Book Review - Running is My Therapy
This book came recommended to me from a former member (thank you Liz!) As a runner myself - well, I'd probably describe myself as a CrossFitter who likes to run ... - I was curious to learn what the author had to say about relieving stress and anxiety, fighting depression, ditching bad habits, and living happier. After all, our goal at CrossFit Simsbury is to promote health and happiness!
Whenever I go for a run, I always come back feeling great, and wonder why. If I'm ever in a less-than-ideal mood, I go for a run. I always come back in a better mood. Is it the running itself that does it? The increased heart rate and the increased blood flow? Is it being outside in nature with some fresh air? Is it being alone and being able to let my brain disconnect from technology and notifications and actually relax?
The book does a good job of mixing scientific studies on the matter with the authors, and others, practical opinions. I like science and data, so hearing paragraphs about GABA, SSRIs, glycogen stores, and VO2 max I find interesting. If science is not your thing, don't fret, for every paragraph of science, there are two more filled with personal anecdotes. Overall the book is an easy read.

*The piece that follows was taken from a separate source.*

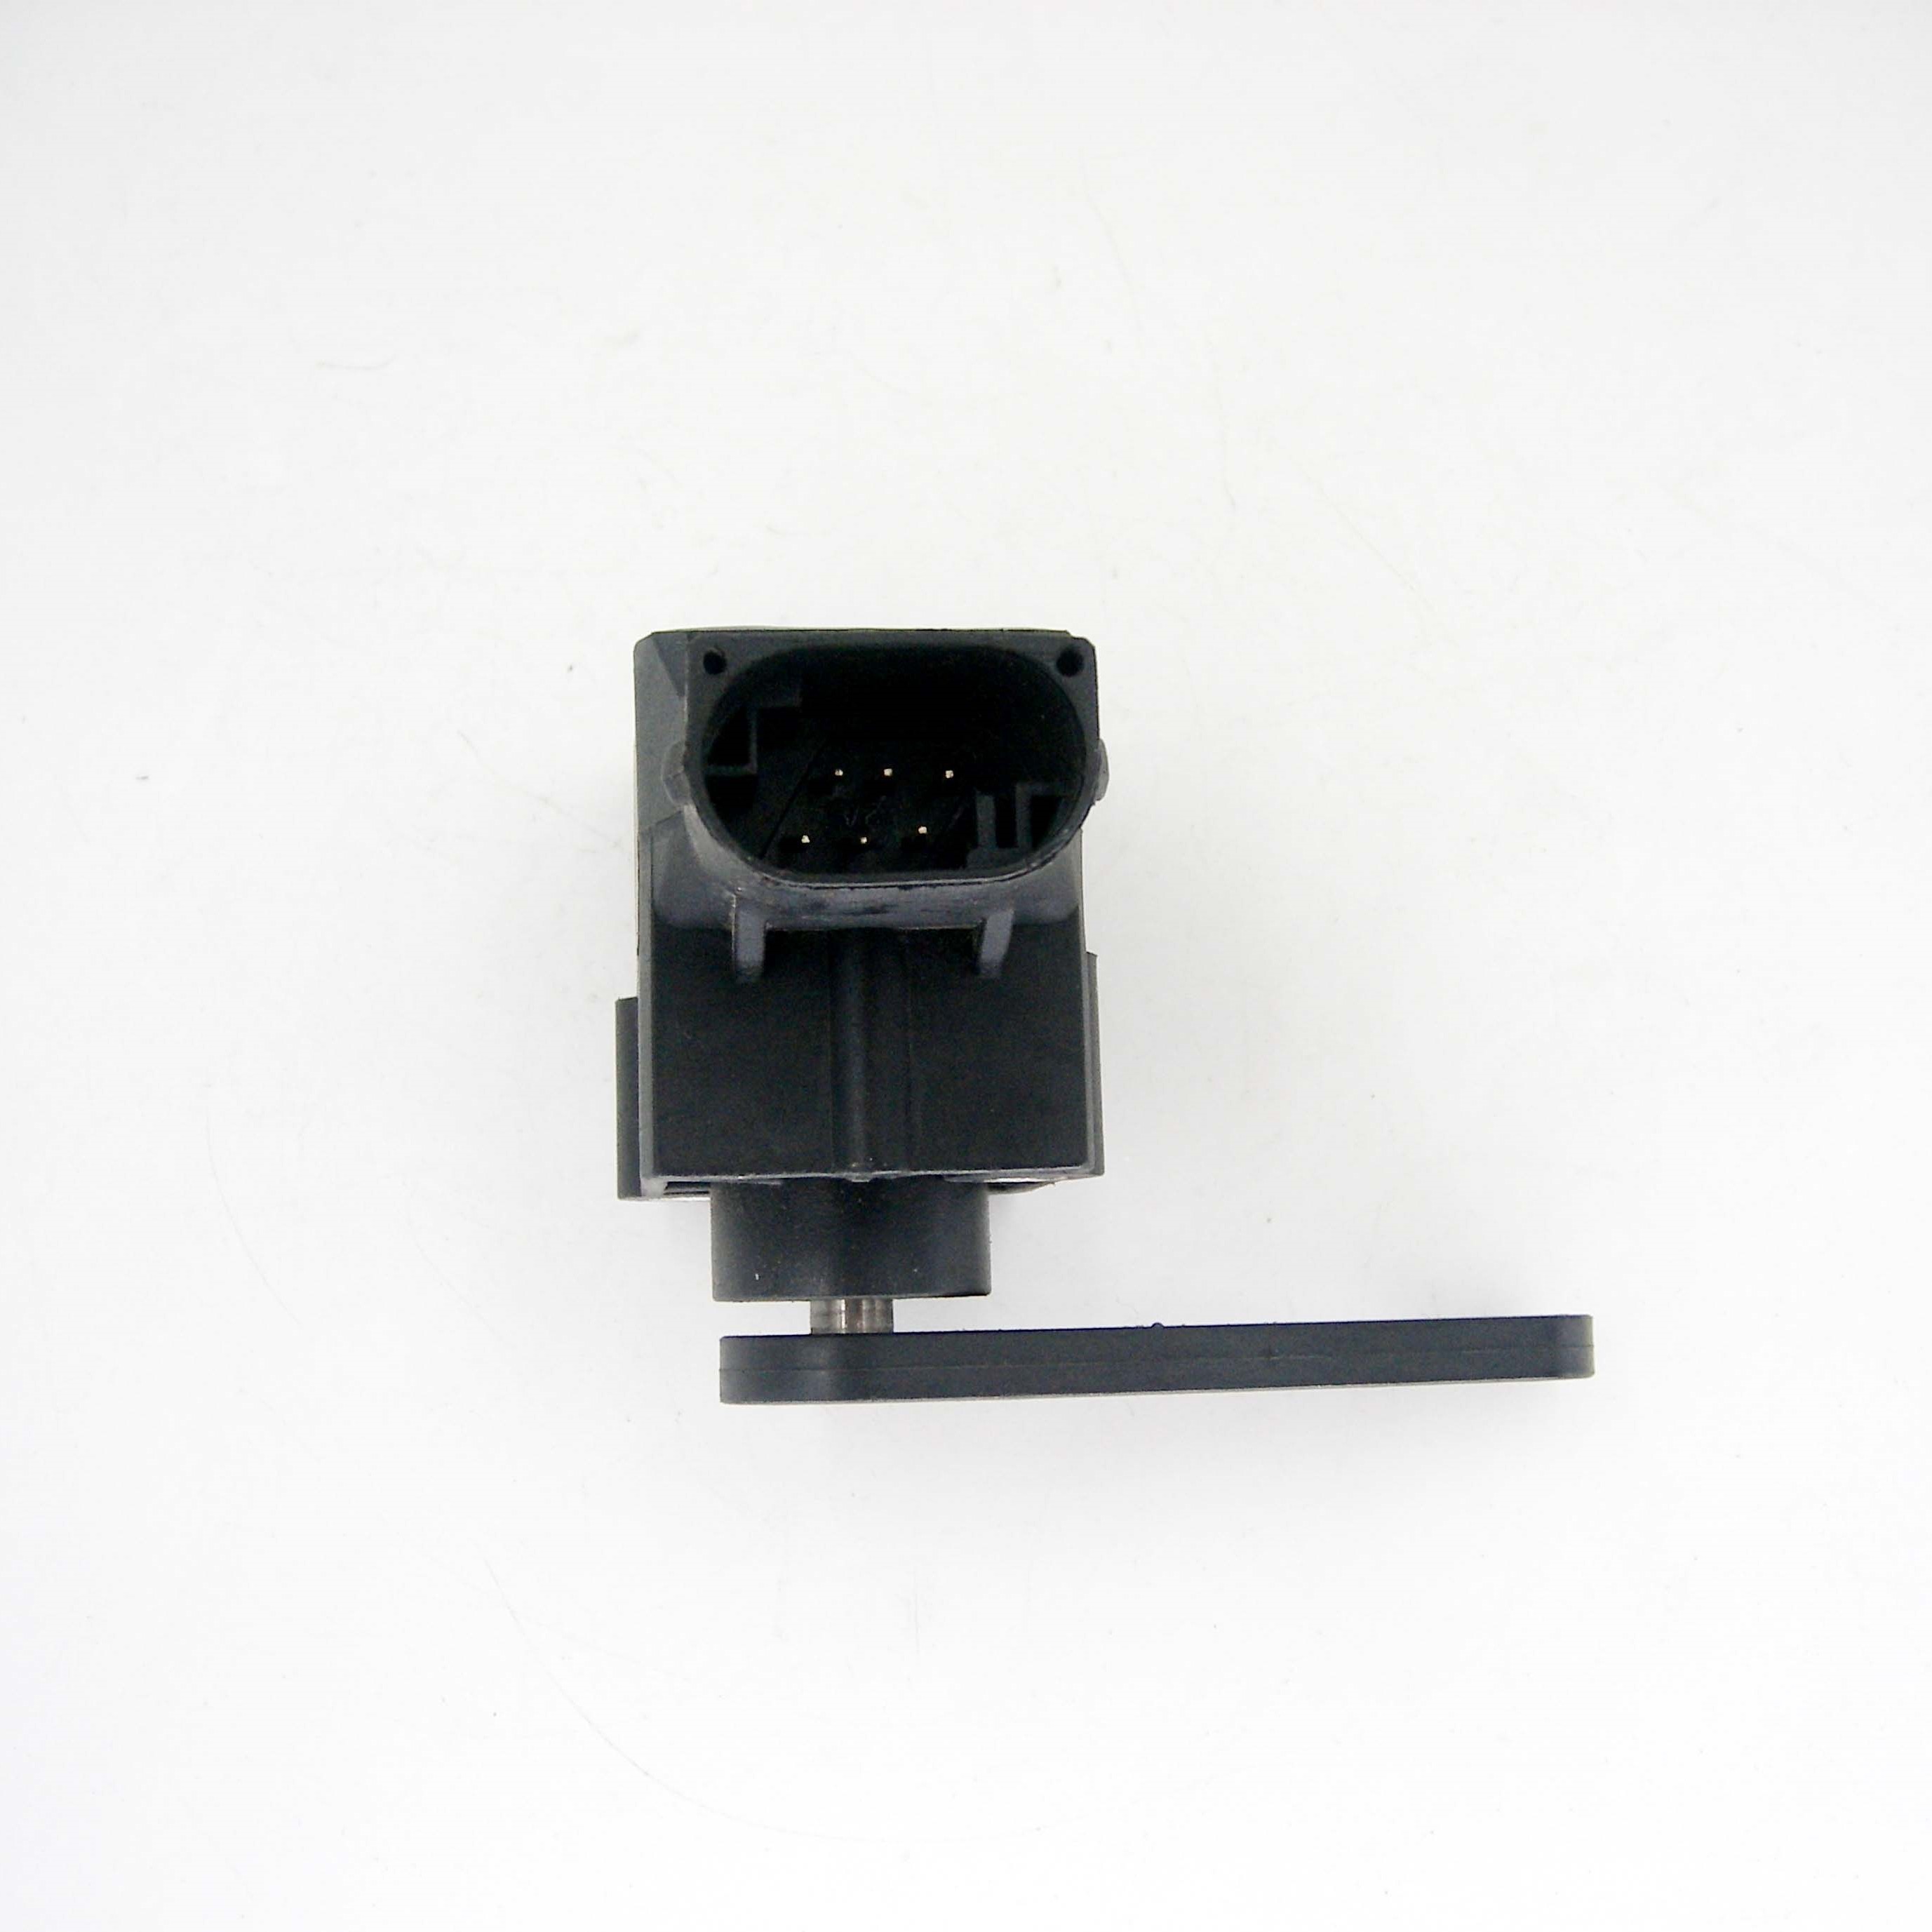 Headlight Level sensor Suspension height sensor for Bmw 37141093698 37146784697 37140141445 37141093700 37146778812

While the author specifically focuses on running, I took a good bit of it as exercise in general, and especially CrossFit. I mentioned how running puts me in a good mood. You know what else puts me in a good mood? A good, sweaty, CrossFit wod. The biggest differentiation that was pointed out was that purely lifting weights does not give the benefits that running does. The heart rate needs to be elevated for a long period of time to see the specific brain boosting benefits for improving neurological function.
The author ends the book with an appendix of quick tips for using running to manage mental health.
1. Any run is better than no run
2. The most important step of the run is the one that gets you out the door
3. 30 minutes or more is best, but don't fret about time, see point #1
I think all of those relate to CrossFit as well!
I'd recommend this book to anyone who has, has had, or knows people with anxiety or depression. The author stated that 30% of Americans have anxiety, and antidepressants are the most commonly prescribed medication in the USA. The author also pointed out that for most mild cases of anxiety and depression, exercise does equal if not better than pharmaceutical medication!